** Data shown **
######

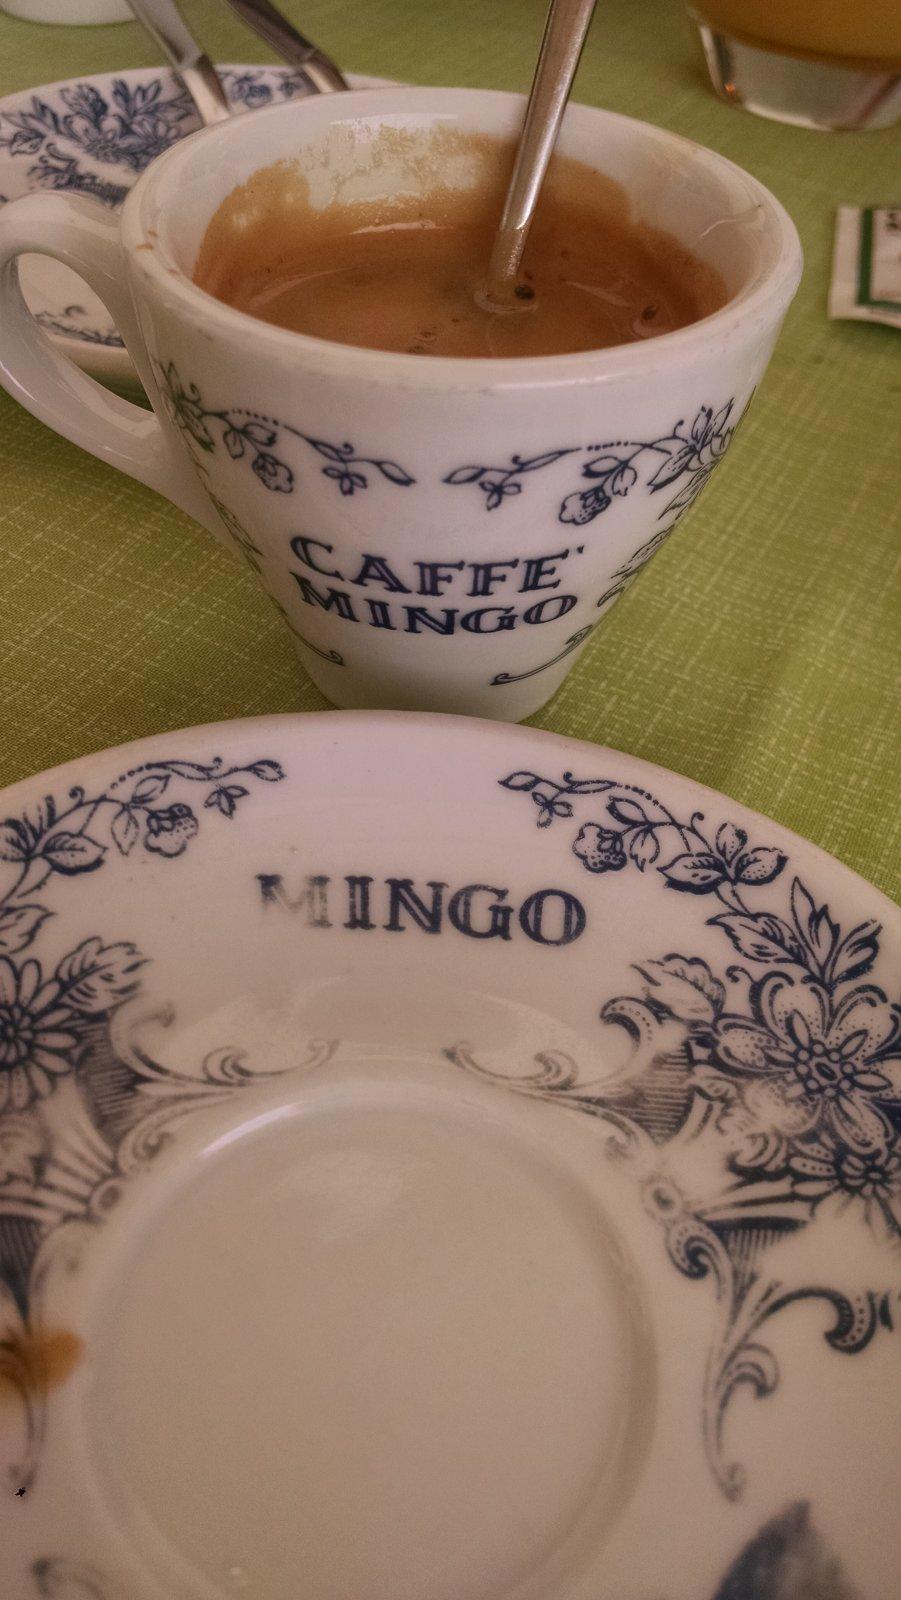 Caffé Mingo
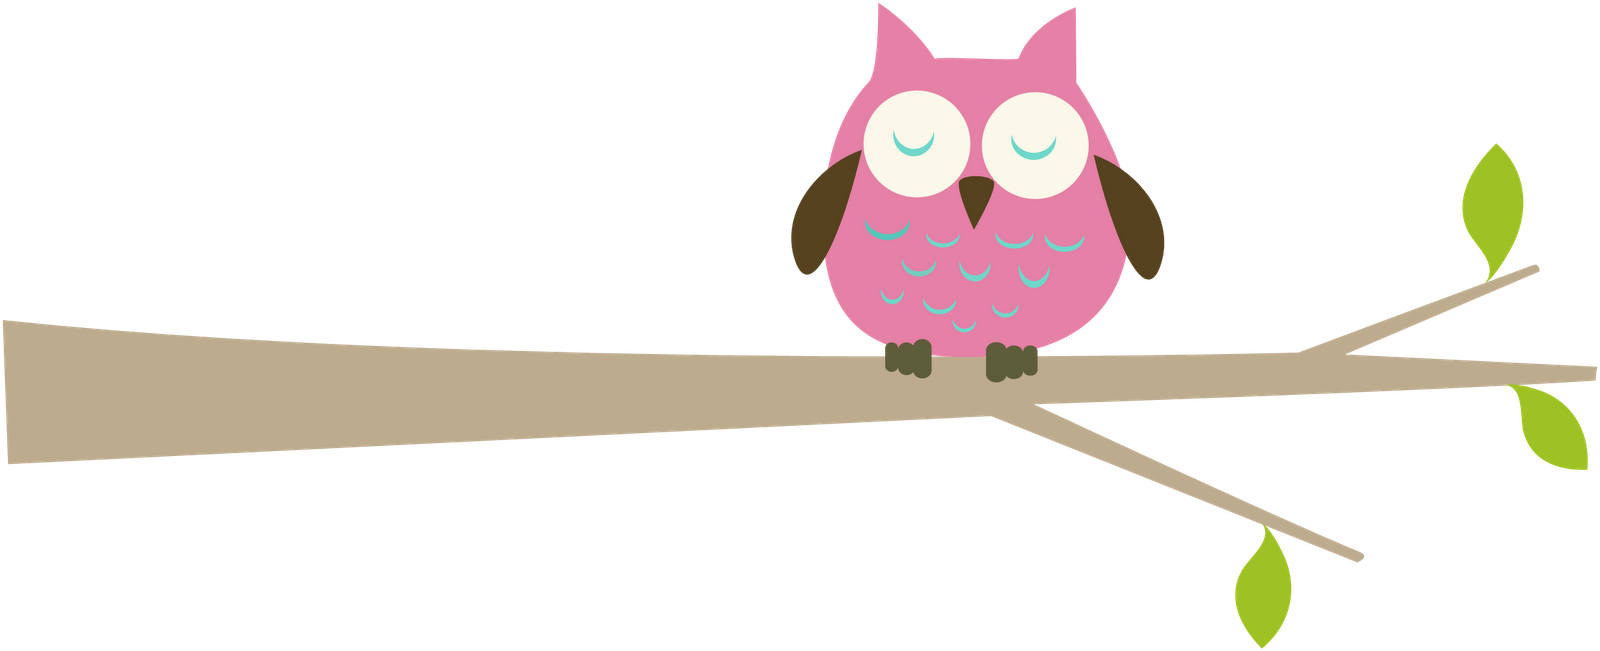 Owl Borders Clip Art   Cliparts Co
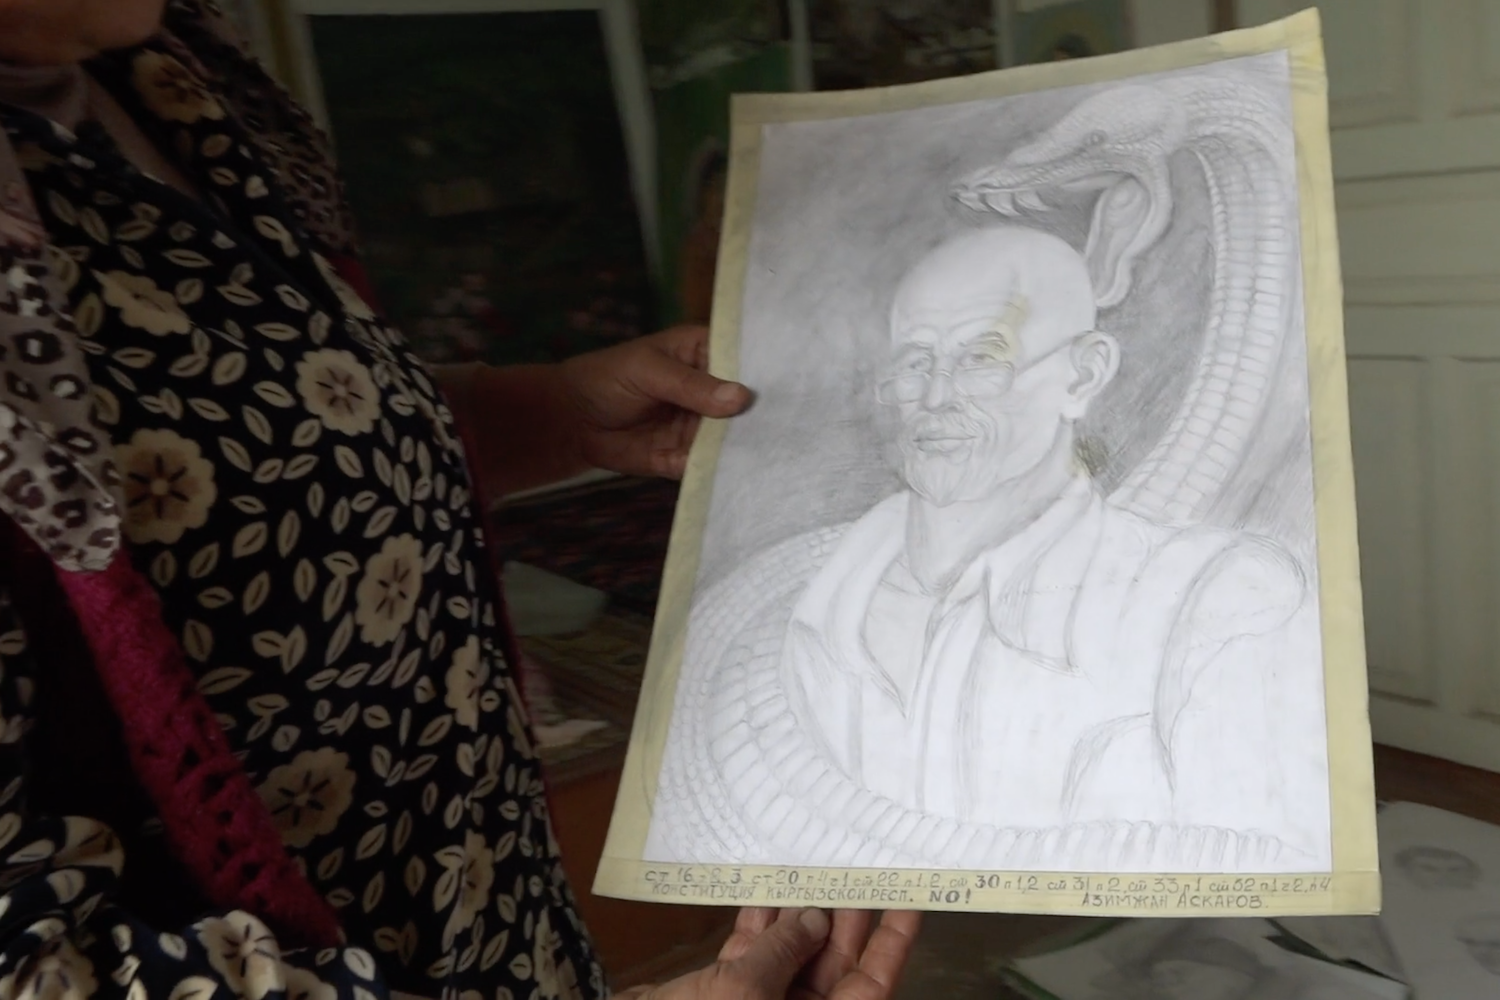 Khadicha holding Azimjan's self-portrait.

######

Put each line of the listing above into the copy exactly, dropping the pictures.

** Finished exercise **
 Caffé Mingo
 Owl Borders Clip Art   Cliparts Co
 Khadicha holding Azimjan's self-portrait.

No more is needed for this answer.